Data extracted from a collection:
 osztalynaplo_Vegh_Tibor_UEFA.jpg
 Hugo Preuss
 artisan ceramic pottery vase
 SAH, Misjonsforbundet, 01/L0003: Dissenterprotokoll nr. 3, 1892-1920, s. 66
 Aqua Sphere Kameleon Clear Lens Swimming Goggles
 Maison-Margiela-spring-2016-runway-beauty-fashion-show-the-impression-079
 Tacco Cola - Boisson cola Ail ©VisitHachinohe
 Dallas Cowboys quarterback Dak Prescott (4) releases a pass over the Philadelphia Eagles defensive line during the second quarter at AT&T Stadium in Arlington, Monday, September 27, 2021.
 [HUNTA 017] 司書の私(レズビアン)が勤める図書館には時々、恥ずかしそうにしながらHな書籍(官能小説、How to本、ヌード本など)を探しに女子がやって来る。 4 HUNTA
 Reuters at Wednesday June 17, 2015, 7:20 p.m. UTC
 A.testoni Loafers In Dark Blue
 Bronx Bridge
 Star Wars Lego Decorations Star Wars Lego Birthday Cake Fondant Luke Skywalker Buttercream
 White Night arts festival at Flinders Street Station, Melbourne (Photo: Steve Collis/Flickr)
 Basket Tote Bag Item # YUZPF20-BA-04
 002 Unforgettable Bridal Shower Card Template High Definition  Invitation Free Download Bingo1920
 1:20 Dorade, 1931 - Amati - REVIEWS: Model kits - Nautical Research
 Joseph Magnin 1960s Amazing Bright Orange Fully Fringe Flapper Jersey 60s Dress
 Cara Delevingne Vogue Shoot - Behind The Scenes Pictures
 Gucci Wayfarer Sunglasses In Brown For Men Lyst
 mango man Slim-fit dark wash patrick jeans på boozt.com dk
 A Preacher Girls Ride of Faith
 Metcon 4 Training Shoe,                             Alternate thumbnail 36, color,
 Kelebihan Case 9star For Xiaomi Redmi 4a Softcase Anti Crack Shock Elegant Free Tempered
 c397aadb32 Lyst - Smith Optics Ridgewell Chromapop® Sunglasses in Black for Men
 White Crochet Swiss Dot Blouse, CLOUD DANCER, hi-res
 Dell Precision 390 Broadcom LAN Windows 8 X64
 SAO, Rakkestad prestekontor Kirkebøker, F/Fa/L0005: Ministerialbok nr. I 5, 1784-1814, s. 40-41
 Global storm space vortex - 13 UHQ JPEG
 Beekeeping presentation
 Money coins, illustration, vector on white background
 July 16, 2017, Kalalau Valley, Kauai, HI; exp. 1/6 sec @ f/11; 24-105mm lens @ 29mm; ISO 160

Brief: Reproduce every record above, word for word.

Answer space:
 osztalynaplo_Vegh_Tibor_UEFA.jpg
 Hugo Preuss
 artisan ceramic pottery vase
 SAH, Misjonsforbundet, 01/L0003: Dissenterprotokoll nr. 3, 1892-1920, s. 66
 Aqua Sphere Kameleon Clear Lens Swimming Goggles
 Maison-Margiela-spring-2016-runway-beauty-fashion-show-the-impression-079
 Tacco Cola - Boisson cola Ail ©VisitHachinohe
 Dallas Cowboys quarterback Dak Prescott (4) releases a pass over the Philadelphia Eagles defensive line during the second quarter at AT&T Stadium in Arlington, Monday, September 27, 2021.
 [HUNTA 017] 司書の私(レズビアン)が勤める図書館には時々、恥ずかしそうにしながらHな書籍(官能小説、How to本、ヌード本など)を探しに女子がやって来る。 4 HUNTA
 Reuters at Wednesday June 17, 2015, 7:20 p.m. UTC
 A.testoni Loafers In Dark Blue
 Bronx Bridge
 Star Wars Lego Decorations Star Wars Lego Birthday Cake Fondant Luke Skywalker Buttercream
 White Night arts festival at Flinders Street Station, Melbourne (Photo: Steve Collis/Flickr)
 Basket Tote Bag Item # YUZPF20-BA-04
 002 Unforgettable Bridal Shower Card Template High Definition  Invitation Free Download Bingo1920
 1:20 Dorade, 1931 - Amati - REVIEWS: Model kits - Nautical Research
 Joseph Magnin 1960s Amazing Bright Orange Fully Fringe Flapper Jersey 60s Dress
 Cara Delevingne Vogue Shoot - Behind The Scenes Pictures
 Gucci Wayfarer Sunglasses In Brown For Men Lyst
 mango man Slim-fit dark wash patrick jeans på boozt.com dk
 A Preacher Girls Ride of Faith
 Metcon 4 Training Shoe,                             Alternate thumbnail 36, color,
 Kelebihan Case 9star For Xiaomi Redmi 4a Softcase Anti Crack Shock Elegant Free Tempered
 c397aadb32 Lyst - Smith Optics Ridgewell Chromapop® Sunglasses in Black for Men
 White Crochet Swiss Dot Blouse, CLOUD DANCER, hi-res
 Dell Precision 390 Broadcom LAN Windows 8 X64
 SAO, Rakkestad prestekontor Kirkebøker, F/Fa/L0005: Ministerialbok nr. I 5, 1784-1814, s. 40-41
 Global storm space vortex - 13 UHQ JPEG
 Beekeeping presentation
 Money coins, illustration, vector on white background
 July 16, 2017, Kalalau Valley, Kauai, HI; exp. 1/6 sec @ f/11; 24-105mm lens @ 29mm; ISO 160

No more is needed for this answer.